We also direct the Commission to study the feasibility of implementing an electronic funds transfer system for regular DDTP vendors. In conducting this study, the Commission should examine whether other state agencies, including the Controller's office, use such systems, identify the costs and benefits of such systems, and make a recommendation to the Commission on whether such a system would be feasible and effective to expedite vendor payment. The Commission shall complete and file the study no later than 180 days after mailing of this decision.

E. No Net Loss of Program Funds

There is no indication that the legislature expected the passage of SB 669 to result in a net reduction in program funding. Nonetheless, we wish to ensure the DDTP suffers no net loss of program funds.

SB 669 provides for the payment of interest on the DDTP funds held in the State Treasury: "All interest earned by moneys in the fund shall be deposited in the fund."38 We note that Government Code § 16305.7 provides that "[a]ny increment collected as the result of investment of state money shall be collected by the State Treasurer and reported by him to the State Controller for credit to the General Fund in the State Treasury." Given that SB 669 is the more specific of the two provisions, as a matter of statutory interpretation the SB 669 language controls and interest on the DDTP funds should be credited to the DDTP. However, we are committed to ensuring that the annual surcharge is set in a way to ensure no net loss of program funds. Thus, if the interest income is lower than DDTP funds earned while in a bank trust fund, we will seek to accommodate this loss in the annual budget process.

F. Additional Issues

During the course of the proceeding, we received input in two issues that we believe deserve comment and further evaluation. First, several commenters expressed concern at the slowness of technological innovation at the DDTP. We are required to keep abreast of technological advances in the delivery of DDTP services. Public Utilities Code § 2881(i) provides:

    In order to continue to meet the access needs of individuals with functional limitations of hearing, vision, movement, manipulation, speech and interpretation of information, the commission shall perform ongoing assessment of, and if appropriate, expand the scope of the program to allow for additional access capability consistent with evolving telecommunications technology.

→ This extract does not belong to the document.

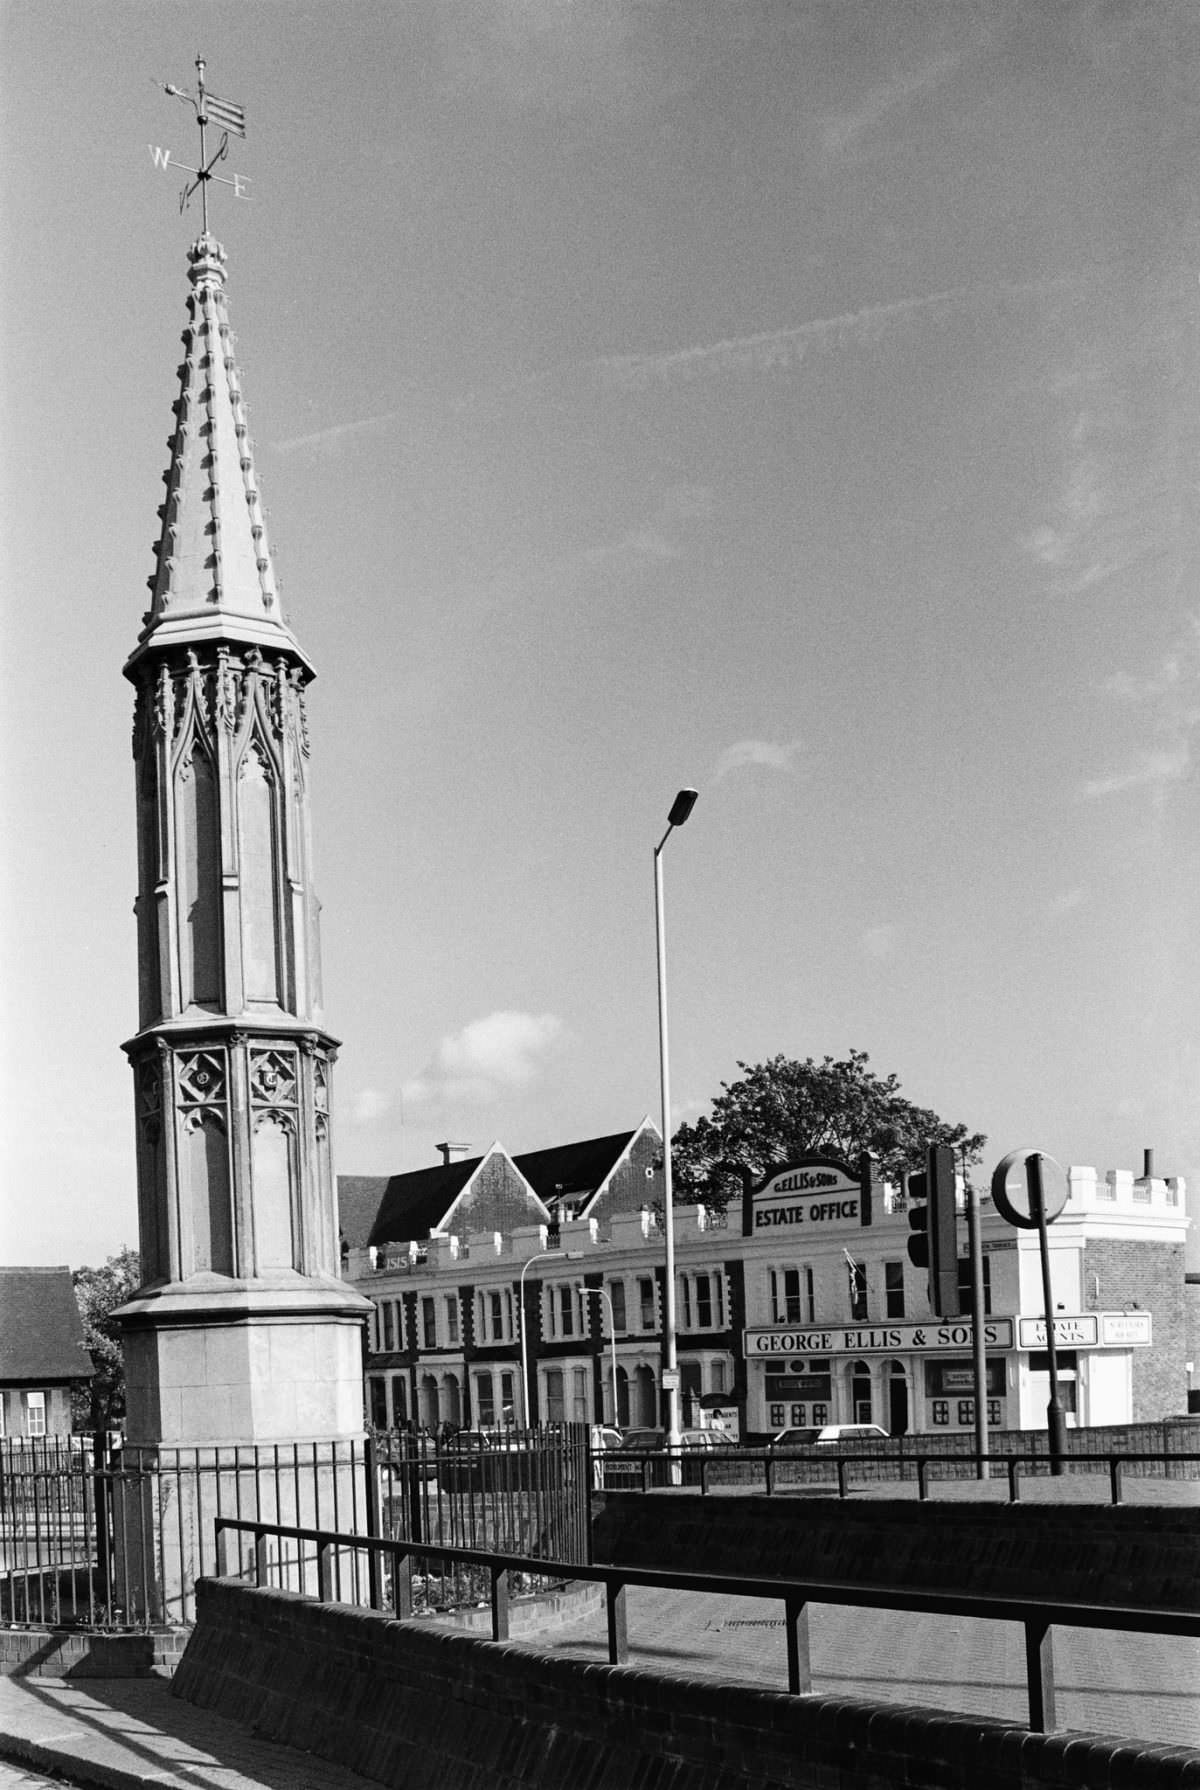 Tottenham High Cross, High Rd, Tottenham, Haringey 1989

In view of this requirement, we direct the DDTP to provide a report to the Commission on the extent to which the program is in compliance with this mandate. The report should describe technological innovations in the last five years, planned innovations for the future, trials currently underway, impediments to further innovation, and necessary resources to enhance innovation. The DDTP shall complete and file the report no later than 180 days after mailing of this decision. If the report reveals a need for improvement, we will consider opening an Investigation into the appropriateness of DDTP services.

We also had some indication from deaf and disabled participants in the proceeding that the DDTP should beef up its outreach efforts, especially in Southern California. Several commenters indicated they were unaware of the details of the program and expressed a desire for educational materials and other information. Clearly, we cannot be effective in serving the community if the community does not know we exist. Therefore, the Commission will work with the DDTP outreach staff to study whether program outreach is adequate, and if there appear to be deficits, to prepare a report suggesting improvements. The study shall be completed and any report filed no later than 180 days after mailing of this decision.

35 Cal. Pub. Util. Code § 278(a)(1). 36 Id. § 278(a)(2). 37 Cal. Gov't Code § 927 et seq. See n.34 above for the Prompt Payment Act's requirements. 38 Cal. Pub. Util. Code § 278(b).